For each fiscal year that Ms Aufreiter serves on the Supervisory Board, Ms Aufreiter will be granted a restricted share award covering that number of american depositary shares representing ordinary shares of the Company having an aggregate grant date fair value of USD 125,000 (the Equity Award).
The initial Equity Award will be granted to Ms Aufreiter on or shortly after 1 July 2021 and will vest on 30 June 2022, subject to Ms Aufreiter being appointed as member of the Supervisory Board on 1 July 2021 and her continued service through 30 June 2022.
Each subsequent annual Equity Award will be granted to Ms Aufreiter on the date of the regularly scheduled Supervisory Board meeting following the date on which the prior year’s Equity Award vests and will vest on the first anniversary of the date of grant, subject to Ms Aufreiter’s continued service through such date.
The terms and conditions applicable to the Equity Award will be determined by the Supervisory Board in accordance with the terms and conditions of the Company’s LTI plan, as may be amended from time to time, and an award agreement, which the Company will provide to Ms Aufreiter in connection with the issuance of the Equity Award.
Re item 8.3 Proposal for remuneration for Mr Dennis Gies effective 1 July 2021*
Mr Gies was appointed as member of the Supervisory Board in September 2020 without remuneration.

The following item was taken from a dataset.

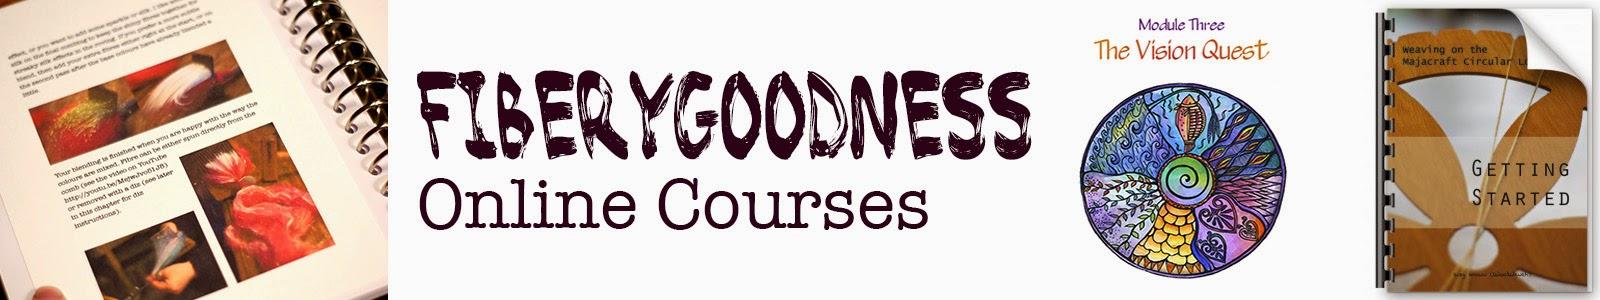 http://fiberygoodness.com/courses/

It is proposed to grant Mr Gies remuneration on the basis of the Company’s remuneration policy with effect from 1 July 2021. Effective 1 July 2021, Mr Gies will be entitled to receive a cash remuneration of EUR 60,000 plus an additional annual remuneration as chair of the Nominating, Governance and Compensation Committee of EUR 15,000 and an additional annual remuneration as member of the Audit Committee of EUR 10,000.
With effect from 1 July 2021, for each fiscal year during which Mr Gies serves on the Supervisory Board, Mr Gies will be granted a restricted share award covering that number of american depositary shares representing ordinary shares of the Company having an aggregate grant date fair value of USD 100,000 (the Equity Award).
The initial Equity Award will be granted to Mr Gies on or shortly after 1 July 2021 and will vest on 30 June 2022, subject to Mr Gies’ continued service through such date.
Each subsequent annual Equity Award will be granted to Mr Gies on the date of the regularly scheduled Supervisory Board meeting following the date on which the prior year’s Equity Award vests and will vest on the first anniversary of the date of grant, subject to Mr Gies’ continued service through such date.
The terms and conditions applicable to the Equity Award will be determined by the Supervisory Board in accordance with the terms and conditions of the Company’s LTI plan, as may be amended from time to time, and an award agreement, which the Company will provide to Mr Gies in connection with the issuance of the Equity Award.
Appendix to item 8.1 Resume of Ms Nora Aufreiter
Nora Aufreiter (61)
Current positions: non-executive member of the board of directors of the Bank of Nova Scotia, non-executive member of the board of directors of Kroger, non-executive member of the board of Cadillac Fairview Property Trust, vice-chair of the board of directors of Unity Health Toronto, non-executive member of the board of directors of the Canadian Opera Company and member of the Dean’s advisory board for the Ivey Business School.
Previous positions: director of the Neiman Marcus Group (2014-2019), before that Ms Aufreiter was a senior partner and director of McKinsey & Company where she worked for 27 years until she retired in June 2014; she was managing partner of the Toronto office of McKinsey’s Canadian Practice from 2008 until 2012. Before joining McKinsey spent 3 years in financial services working in corporate finance and investment banking.
Education: holds an HBA in business administration from Ivey Business School at the University of Western Ontario and an MBA from Harvard Business School.